AMD Phenom II X4: Power 17% Down, Efficiency 11.6% Up
The peak power consumption under load decreased by as much as 17% using the lowest stable voltage we found on the Phenom II X4 955. As performance didn’t change, this introduced a 11.6% increase in performance per watt using PCMark Vantage as the benchmark. AMD’s Cool’n’Quiet power saving technology poses a disadvantage for power savings through undervolting, as it always switches to its default settings regardless of your voltage configuration. Hence the idle power remained at 99 W at all times.

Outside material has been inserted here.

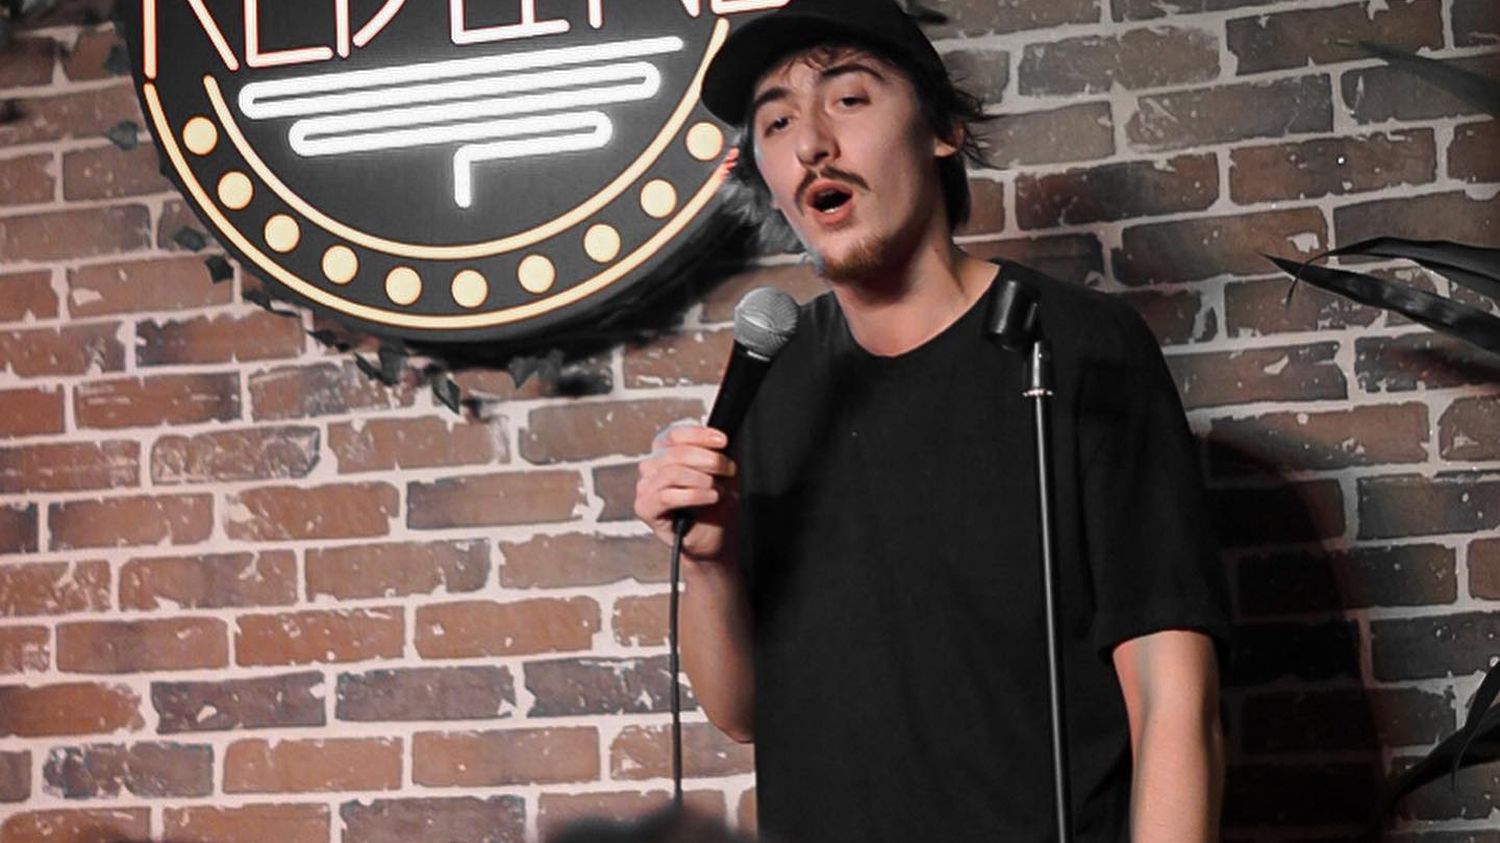 In Montpellier, a bar has been turned into a comedy club to welcome amateur stand-up performers

Intel Core 2 Extreme: Power 20% Down, Efficiency 13.8% Up
The results were even more substantial on our Core 2 Extreme QX9650 test system, where the power consumption at peak load went down by an amazing 20% without losing any performance. This allowed the performance per watt score in PCMark Vantage to improve by 13.8%. As Intel’s processor voltage in SpeedStep power saving mode depends on the set core voltage, the idle voltage decreased quite a bit as well—down to only 1.008 V. This introduced idle power savings of 8%.
Should I Do This?
We were amazed at the relatively wide margins we found for undervolting, as we had expected to run into trouble earlier. Both the AMD and the Intel machine showed that modern processors can in fact be operated at significantly reduced voltage. We achieved a 16% voltage reduction on the AMD Phenom II X4 system and 16.6% reduction on the Intel Core 2 Extreme. Both lead to system-wide power savings of 17-20% at peak.
You’ll have to be sure that your undervolt settings work reliably, but we can only recommend trying out the potential savings carefully. Keep in mind that it doesn’t have to be a 16% voltage reduction—anything around 10% should introduce major power savings at zero cost and with no performance impact.